Update tls guides for cert-manager 1.4.0 and coder 1.20 #472
Conversation
Fixed a bunch of little issues related to newer cert-manager, k8s, coder, etc. Also the secret for DNS01 challenges needs to be in cert-manager namespace, not coder.
|
✨ Coder.com for PR #472 deployed! It will be updated on every commit.
|
|
@bpmct and @ericpaulsen can you sanity check these updates before I request polishing? |
guides/ssl-certificates/cloudDNS.md
Outdated
| @@ -21,7 +21,7 @@ configure your Coder hostname and dev URLs. | |||
|
|
|||
| You must have: | |||
|
|
|||
| - A Kubernetes cluster with internet connectivity | |||
| - A Kubernetes cluster [of a supported version](https://kubernetes.io/releases/version-skew-policy/#supported-version-skew) with internet connectivity | |||
There was a problem hiding this comment.
suggest we link to our internal Kubernetes page instead of directly to the upstream docs, as the versions Coder supports may differ from the versions Kubernetes upstream supports
There was a problem hiding this comment.
These are guides so I'd like folks to start with a recommendation that makes the most sense. Even this should probably just say "latest" probably since it's not a document that expresses the limits but tries to get people started from the best point.
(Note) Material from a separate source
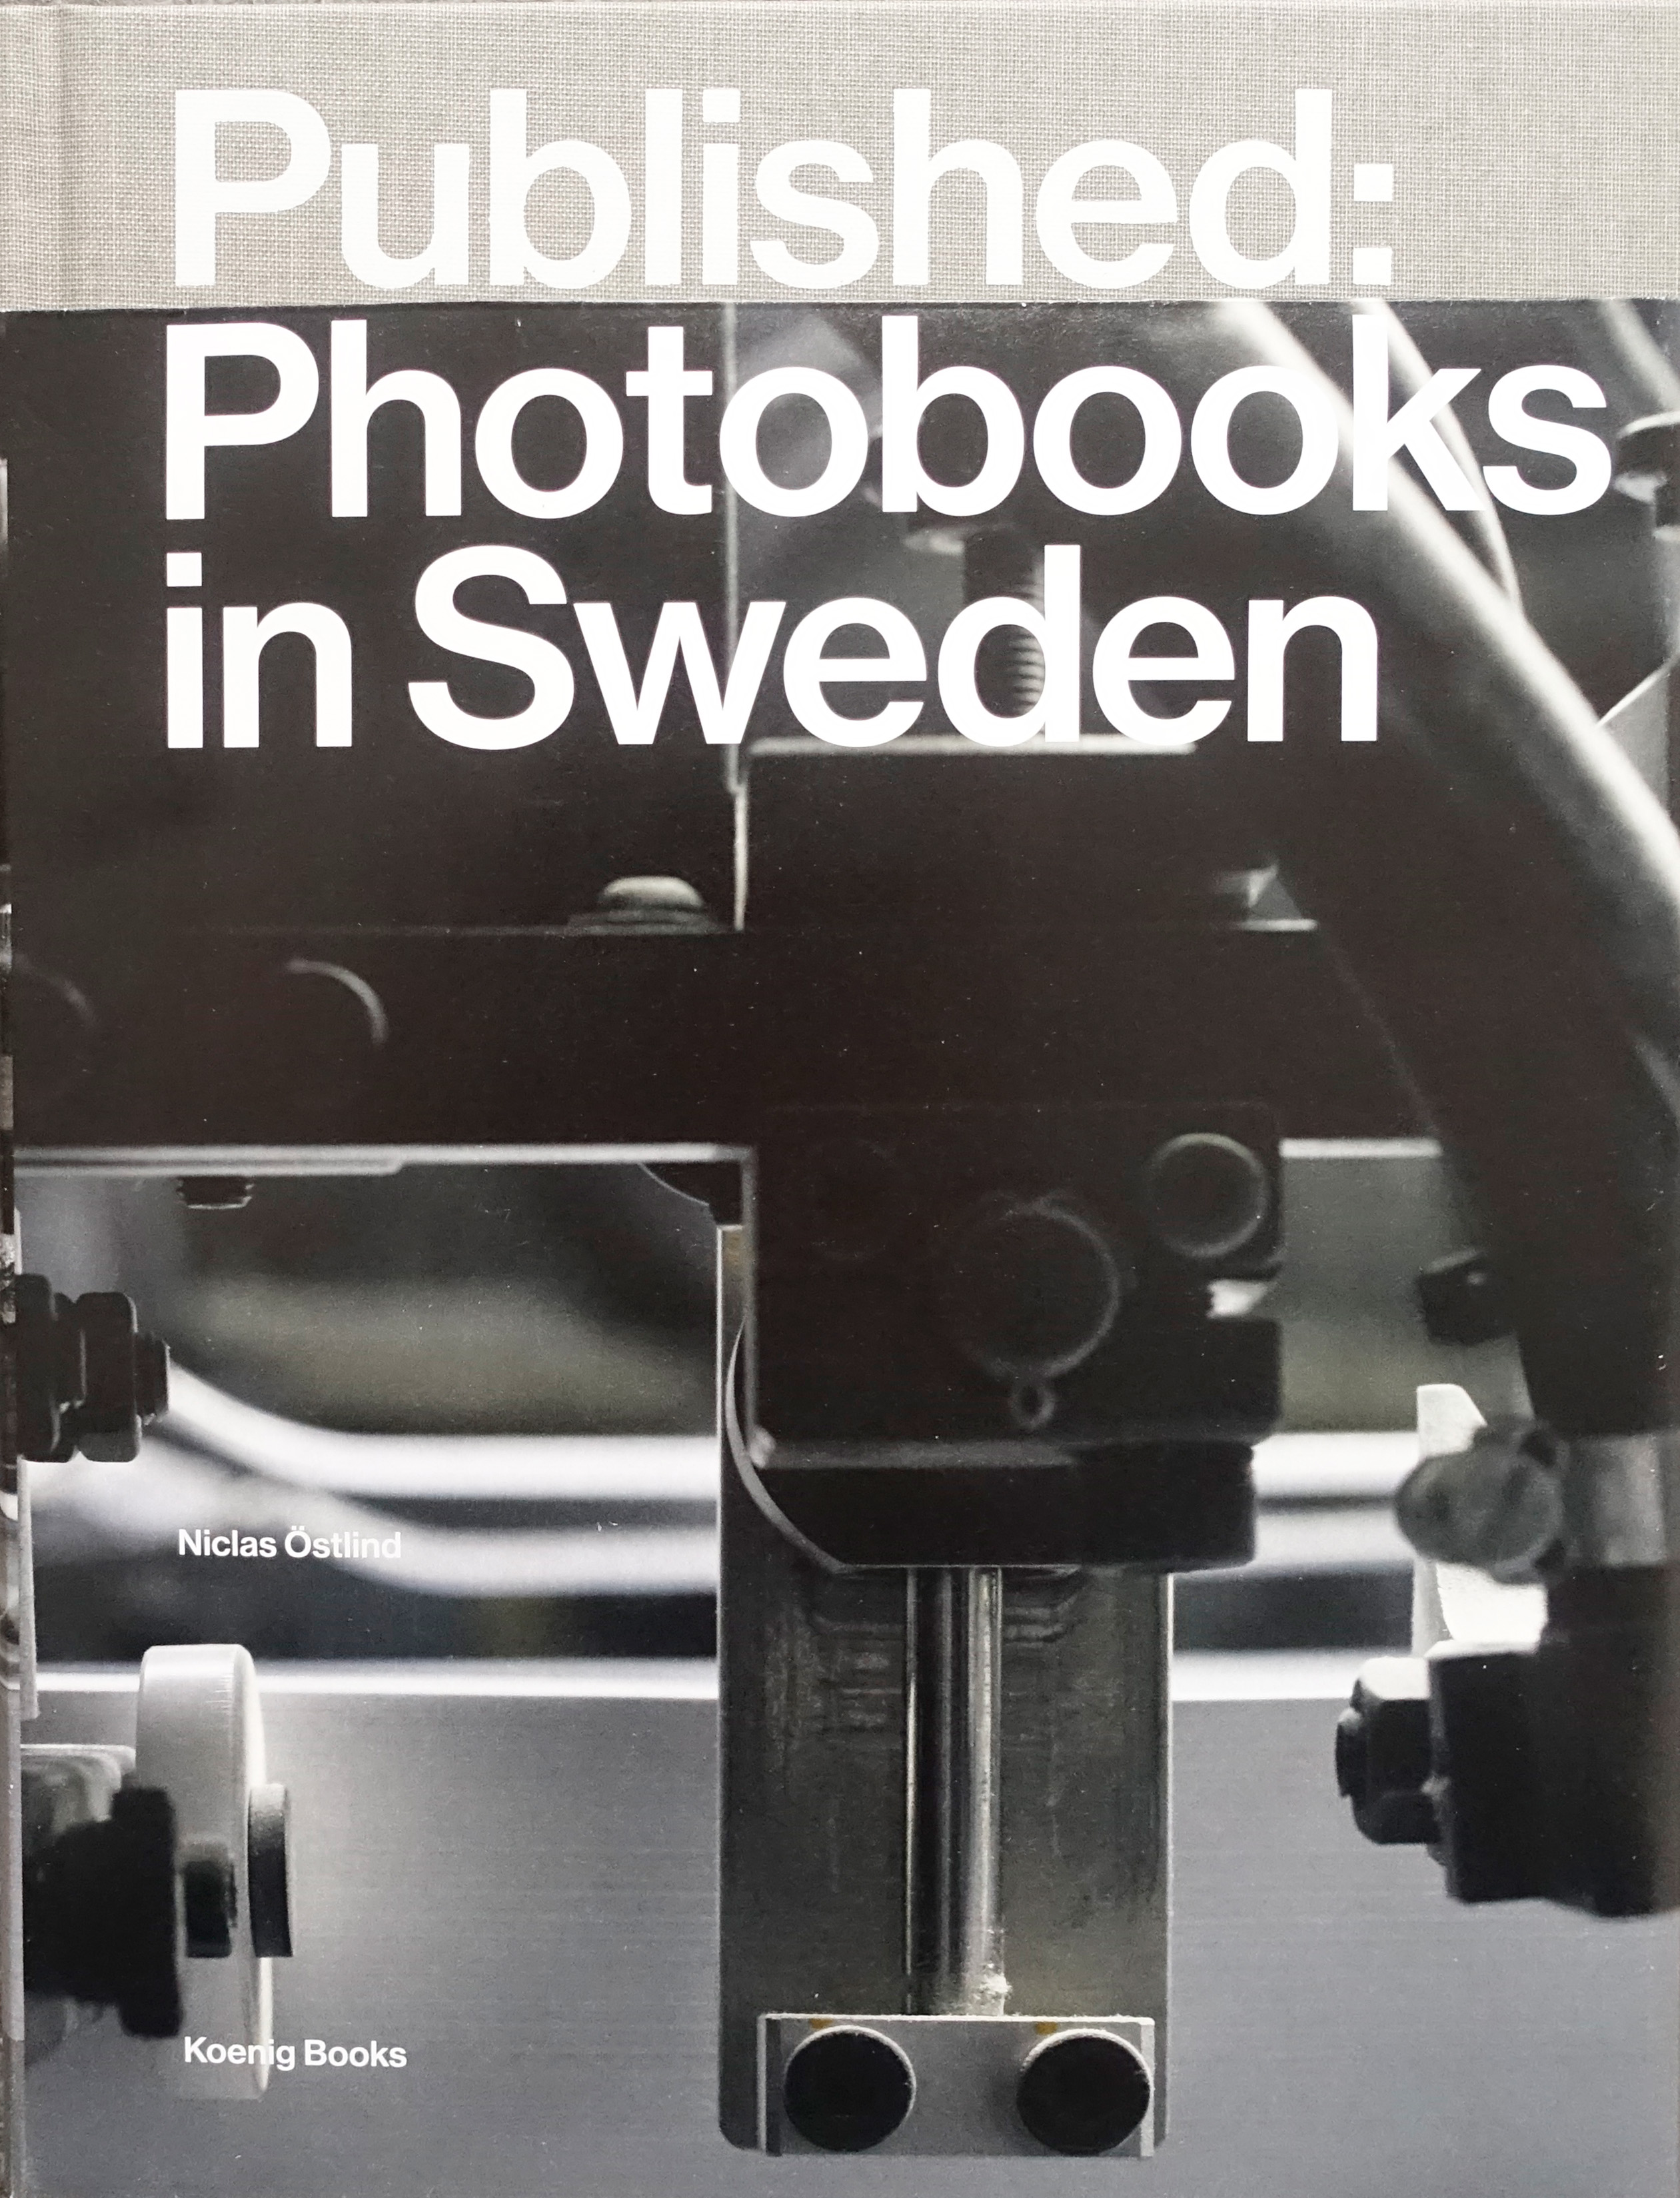 Niclas Östlind: ”Published: Photobooks in Sweden”
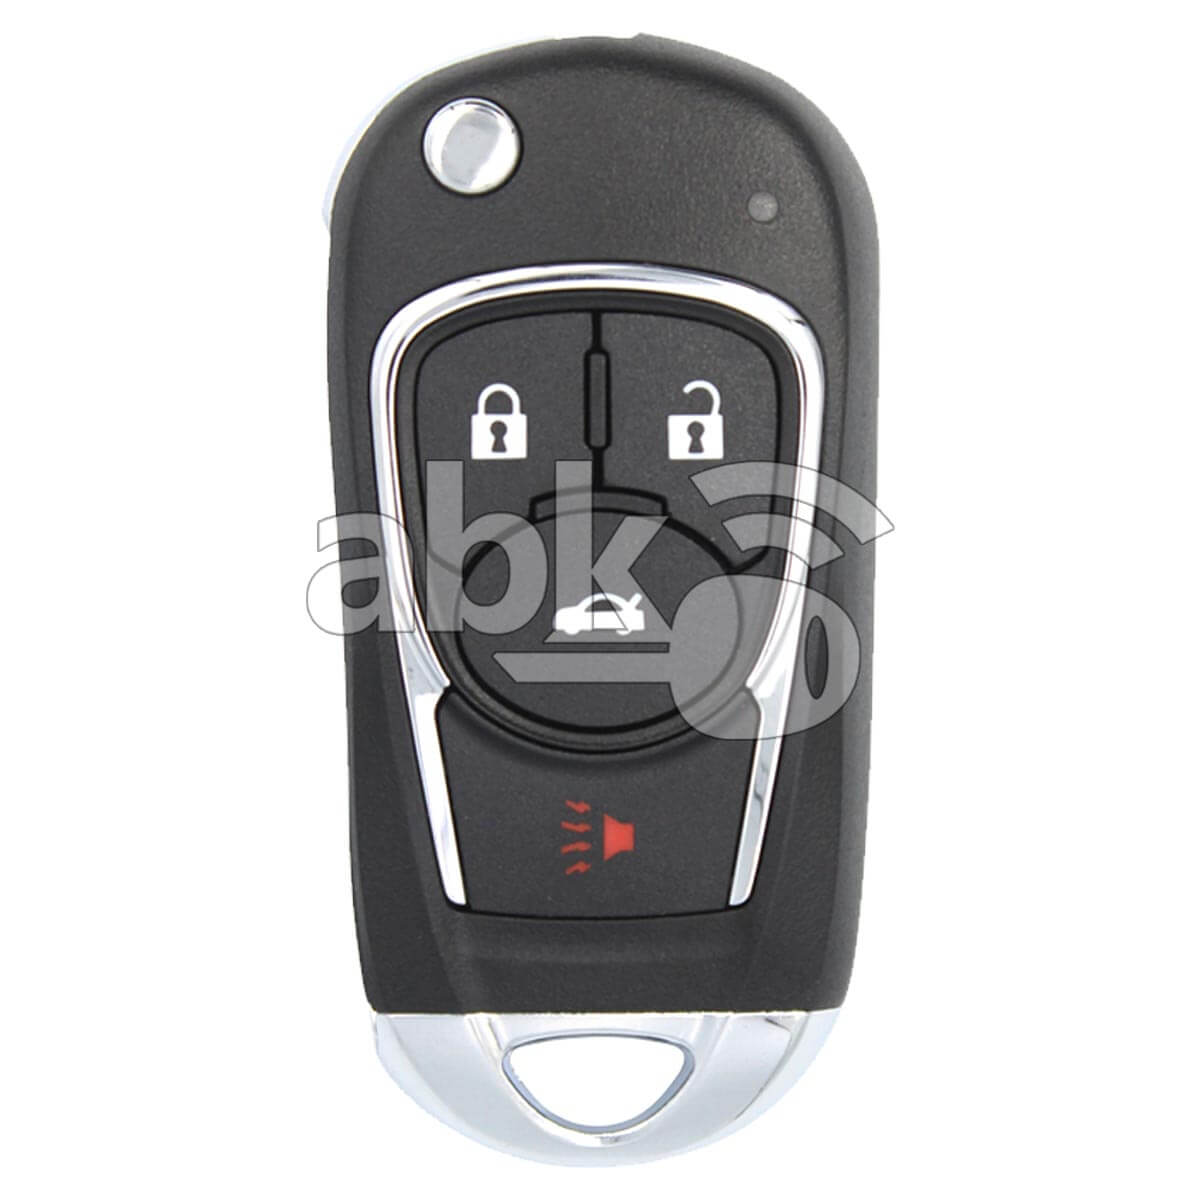 Xhorse VVDI Key Tool VVDI2 Buick Style Wired Flip Remote 4Buttons XKBU02EN - ABK-1015-XKBU02EN -

There was a problem hiding this comment.
Well, the latest version of Kubernetes may not be a version that Coder (both the company & the product) supports. We currently follow the same support policy so it does't make a difference, but in the future it might. I think in general we want to keep people in our docs.
To clarify, I'm suggesting that we link to: https://github.com/cdr/docs/blob/main/setup/kubernetes/index.md rather than the Kubernetes documentation, or omit the new link completely here.
Of course, the content right now is not complete, and will be better once I finish/merge #232
There was a problem hiding this comment.
That page does make more sense than the current one. I'll leave it to @khorne3 and others which link makes more sense from a holistic docs management perspective.
Good call. I updated those and made sure the examples matched the |
guides/ssl-certificates/azureDNS.md
Outdated
| @@ -31,7 +31,7 @@ are the same regardless of which option you choose. | |||
|
|
|||
| You must have: | |||
|
|
|||
| - A Kubernetes cluster with internet connectivity | |||
| - A Kubernetes cluster [of a supported version](https://kubernetes.io/releases/version-skew-policy/#supported-version-skew) with internet connectivity | |||
There was a problem hiding this comment.
FYI: now that #232 was merged, you can link to that page instead https://coder.com/docs/coder/v1.20/setup/kubernetes#supported-kubernetes-versions
There was a problem hiding this comment.
I think we should just stick with ClusterIssuer for now, we can revisit and change later.
While we're on the topic of cert-manager though, we shouldn't be using the ingress annotation anymore and should instead be creating the Certificate object manually because 1.21.0 does not ship with an Ingress by default. I think this will still work for now, but the included Ingress is deprecated so it won't work for much longer.
Co-authored-by: Ben Potter <me@bpmct.net>
Fixed a bunch of little issues related to newer cert-manager, k8s, coder, etc.
Also the secret for DNS01 challenges needs to be in cert-manager namespace, not coder.
We may want to change the whole directory name to "TLS" since "SSL" is a dead protocol.